Stephen Waqué, Frank Sperduti and Patrick Brode, for appellant. Paul Henry and Robert Lawson, for respondents.
[1] HERMAN J. (HARVISON YOUNG J. concurring): -- The City of Windsor appeals from an order of the Ontario Municipal Board ("OMB") dated December 14, 2009 [[2009] O.M.B.D. No. 986 (O.M.D.)].
[2] The City expropriated land owned by the respondents in order to preserve an area with significant plant and animal species. The respondents sought compensation.

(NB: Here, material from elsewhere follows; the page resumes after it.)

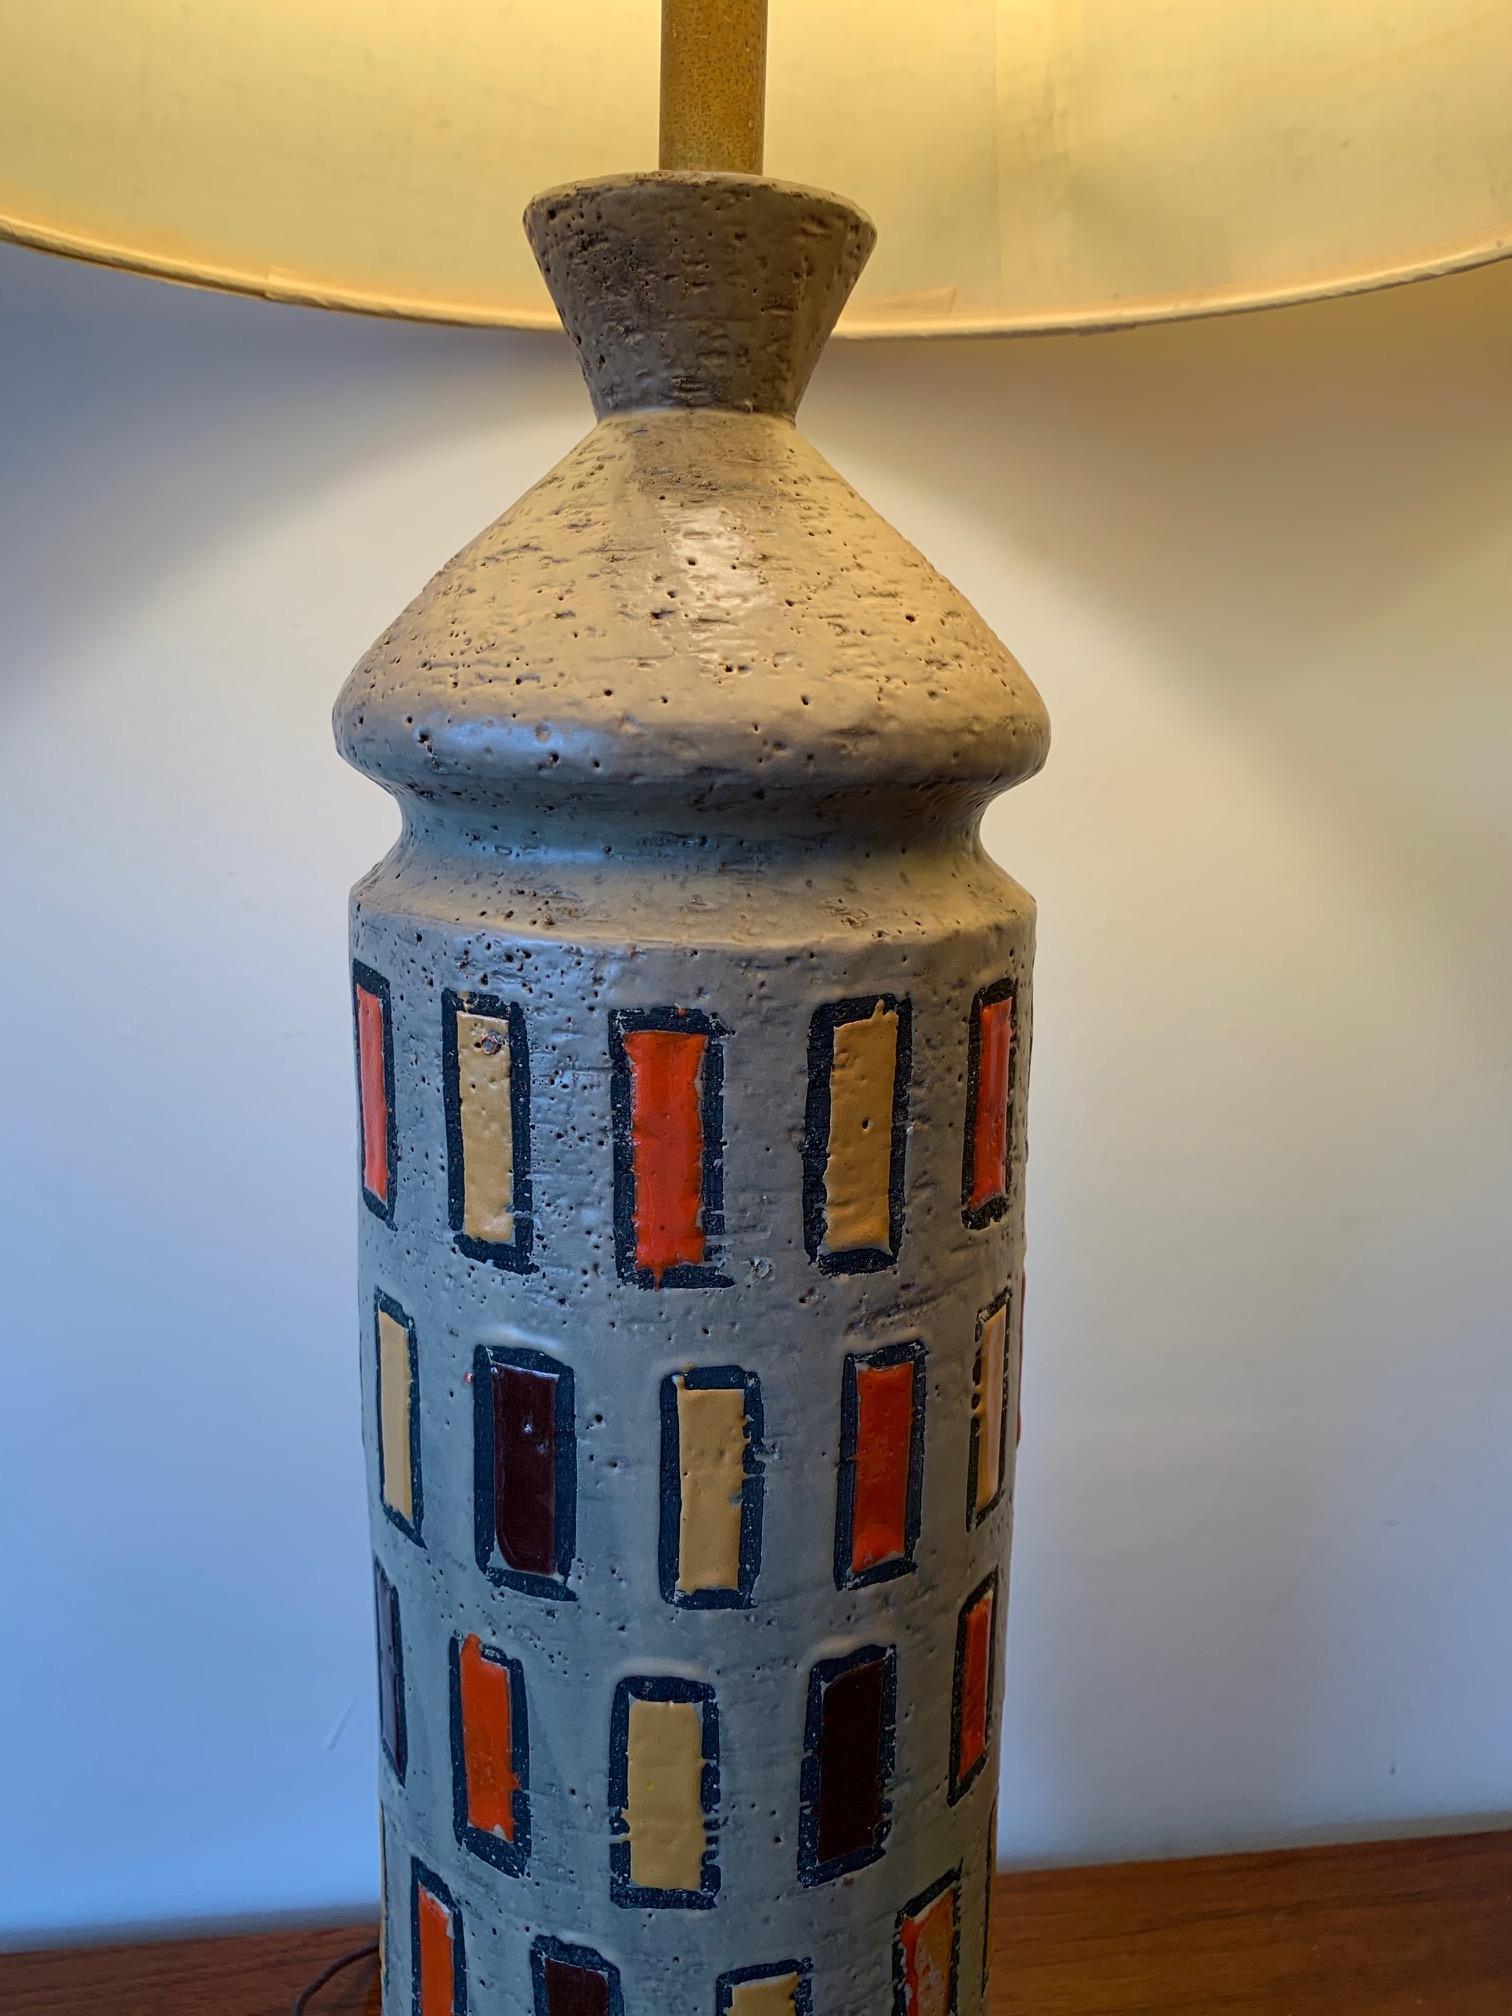 Une paire de lampes inhabituelles en céramique par Bitossi, Italie, vers les années 1960. Décoration fantaisiste, typique de la période, avec des rectangles audacieux de couleur jaune, orange et marron.

[3] The Board directed the City to pay the respondents (a) $3,771,384 for the market value of lands expropriated; (b) $767,000 for injurious affection to the lands remaining in the respondents' ownership; interest on the above awards as of August 11, 1997; and (c) $26,500 to one respondent as disturbance damages. [page693]
[4] The City appeals all but the last portion of the award, that is, the portion relating to disturbance damages.
[5] The City's position is that the OMB erred in four respects: it failed to take into consideration the natural features of the land when it determined the market value of the lands; it applied the wrong test when it determined injurious affection; it set a date for interest which pre-dated the date of expropriation; and it ordered a higher rate of interest to be paid to one of the respondents. Background
[6] The respondents were owners of land in the Malden Planning Area in the southwest section of Windsor.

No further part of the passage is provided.